Type of academic publication by teachers for college/university courses

A course reader, also called a course pack or coursepack, is a publication type used for teaching in universities and academia. A course reader is made up of a collection of existing texts, course slides, and notes. Common forms of course readers include photocopy packs or PDF documents. Course readers require copyright clearance.

Course readers are distinguished from sourcebooks in that they are typically compiled by simply photocopying or scanning the selected materials and then adding covers, front matter, tables, and pagination. Thus, there is usually significant variation from one text to the next in a course reader because each document retains its original layout and typefaces. In contrast, the texts selected for inclusion in sourcebooks are usually edited, laid out, and typeset in a uniform format. Course readers are usually bound as softcover books and are intended only for use in the specific courses for which they were prepared, while sourcebooks are often bound as hardcover books similar to textbooks.

==History==
The practice of assembling coursepacks, printed collections of readings assembled by teachers to supplement college and university courses, for students developed as a systematization of the practice of disseminating "course handouts" for readings in class. This practice operated in parallel to the practice of libraries providing "course reserves"—material pulled off shelves and "reserved" for use at the library, to ensure access for students in a class. Some teachers used coursepacks to supplement textbooks; others used them basically to create their own ad hoc textbooks.

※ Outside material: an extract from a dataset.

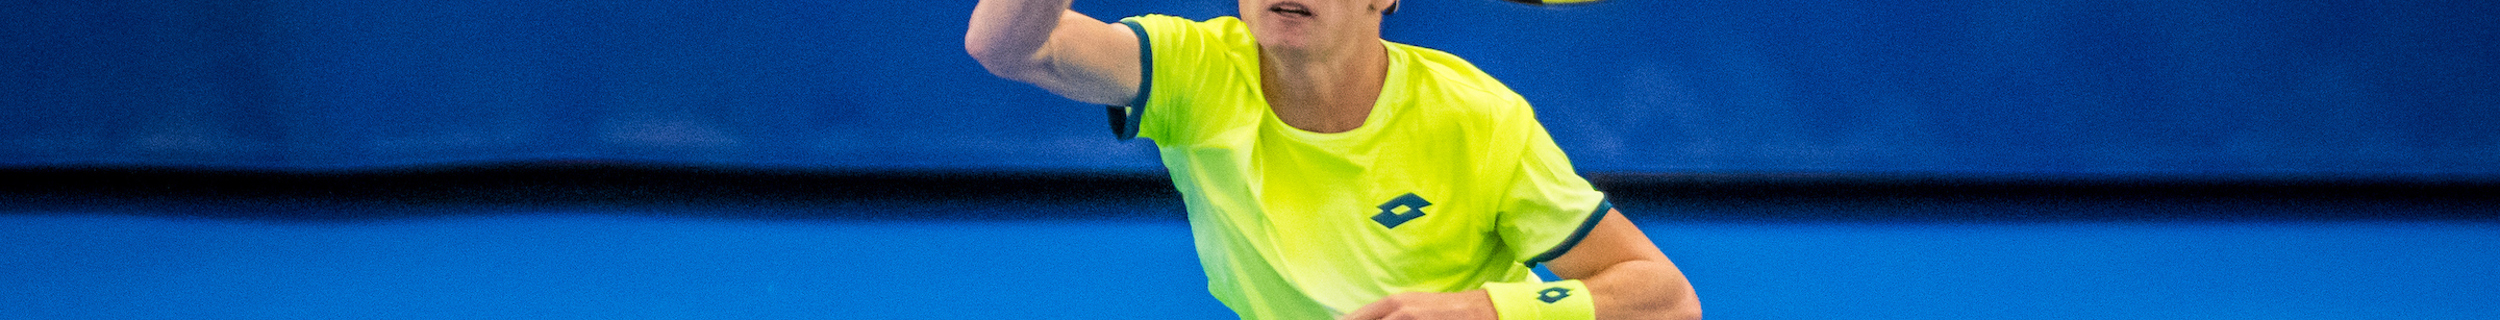 NK Tennis Jesper forehand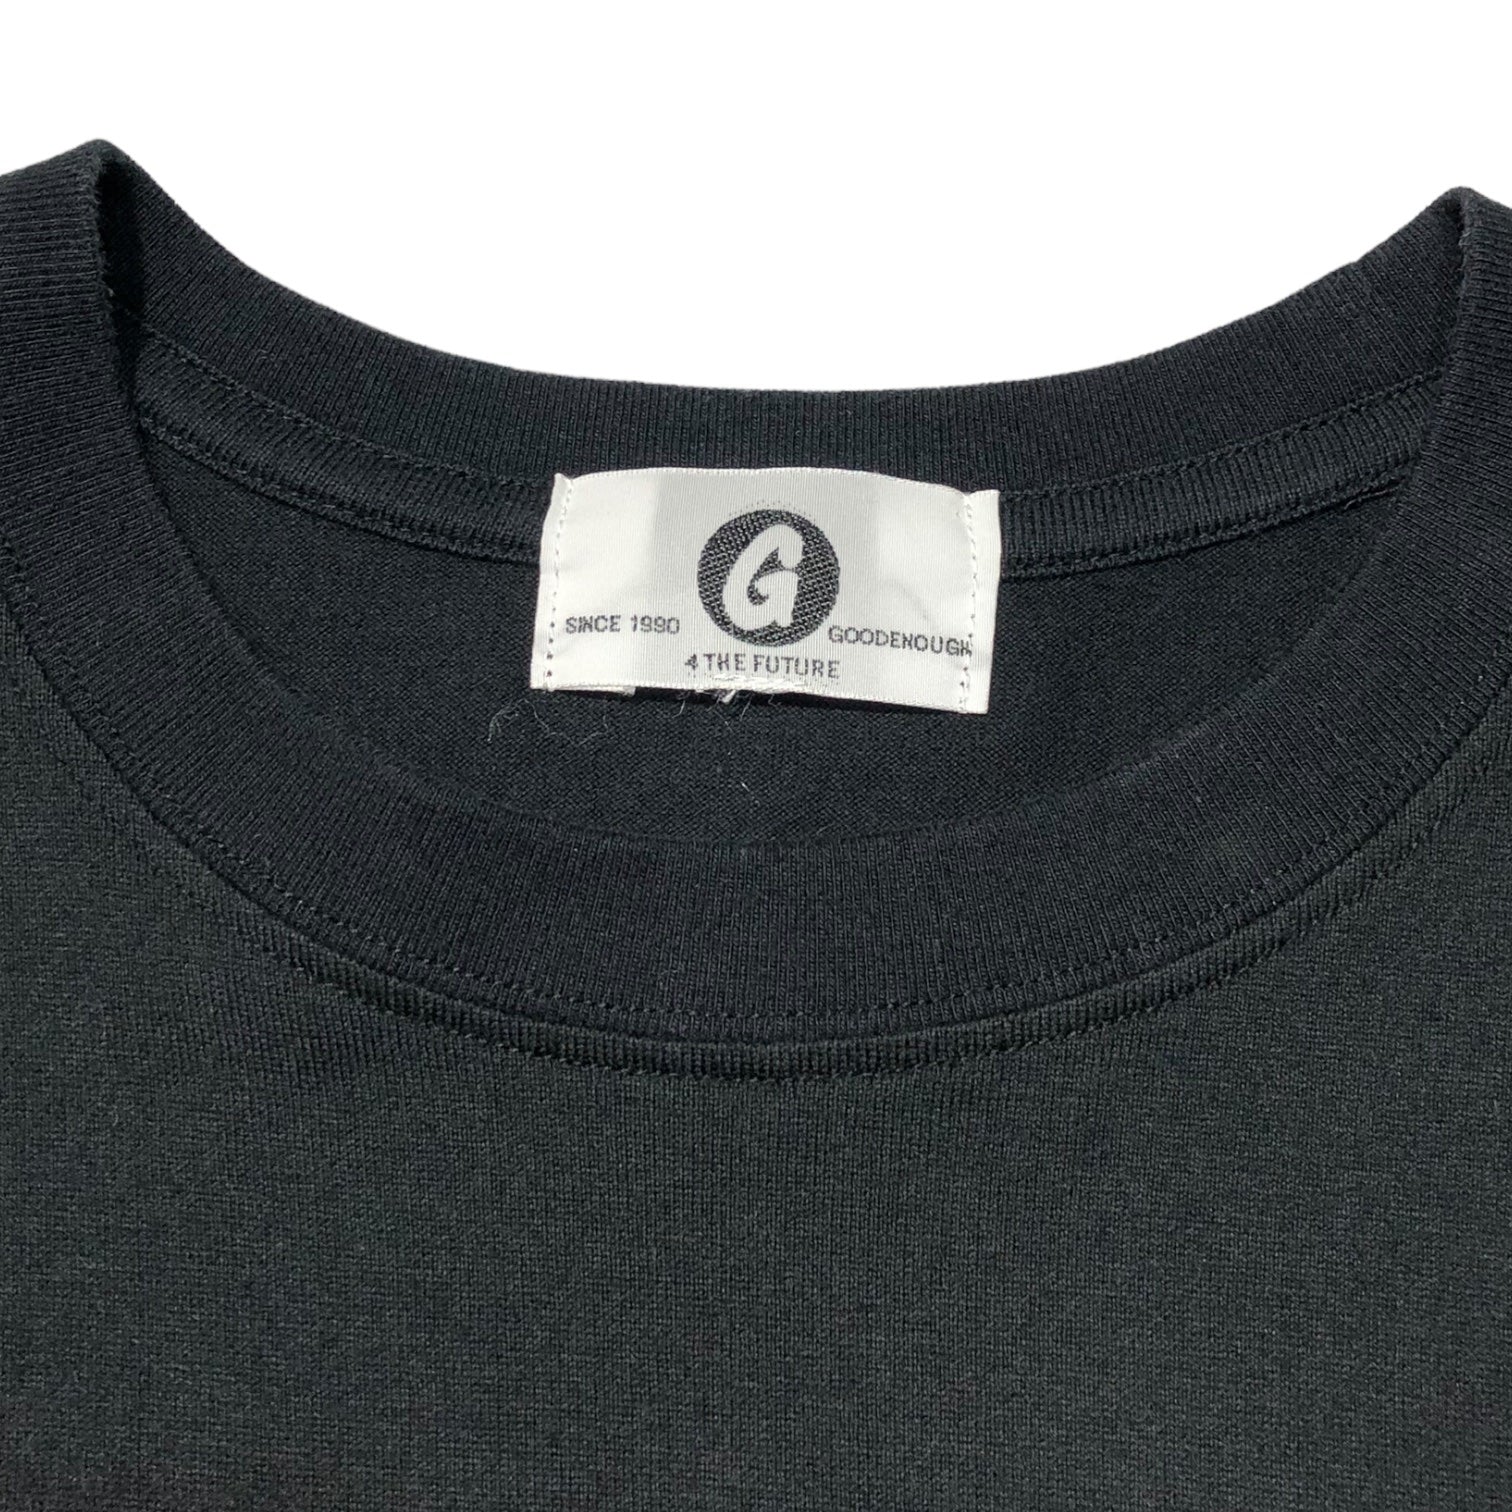 GOODENOUGH(グッドイナフ) 15SS REACTIVE TEE リアクティブ Tシャツ 90年代復刻 GE-157010 S ブラック 品質表示タグ無

Over time, teachers began assembling their handouts at the beginning of the course, or having school administrators assemble them and charge students enough fees to recoup costs. As copy shops such as Kinko's became a thriving business in the late 1970s and early 1980s, they developed a market for making these coursepacks, offering different sorts of bindings, and so forth. Once the market became commercialized, licensing entities such as the Copyright Clearance Center (the "CCC") in the United States became involved, negotiating licensing and "clearance" fees for use of materials in coursepacks. Materials that could not be licensed could not be included in coursepacks. Primarily as a result of escalating license fees, coursepacks have become a significant expense for students, along with textbooks.

Coursepacks themselves operated primarily as an efficient service for providing print copies of material. As information has become increasingly available electronically, academic libraries have begun a transition to electronic reserves, making materials they have already acquired available for students registered in particular classes. Publishers, once critics of coursepack providers, have been critical of ereserves, arguing that libraries' provision of ereserves will supplant the commercial coursepack services.

==Legal status ==
In the United States, the question of classroom handouts received significant attention in the lobbying and negotiation leading up to the 1976 Copyright Act. The statute as passed included a legislative codification of fair use at 17 U.S.C. 107 which specifically described handouts ("multiple copies for classroom use") as a fair use. [T]he fair use of a copyrighted work, including such use by reproduction in copies ... for purposes such as ... teaching (including multiple copies for classroom use) ... is not an infringement of copyright." However, the transition from classroom handouts to coursepacks led to a shift in how these materials were treated under US copyright law. In a series of "coursepack cases", US courts found that commercial services that profited from developing coursepacks were not protected by fair use. See Princeton University Press v. Michigan Document Services (1996), Basic Books v. Kinko's Graphics (1991); 1982 litigation against New York University.

Publishers and rights clearance agencies have sued universities in several other countries (Canada, New Zealand, India), in order to require fees for coursepacks or library ereserves.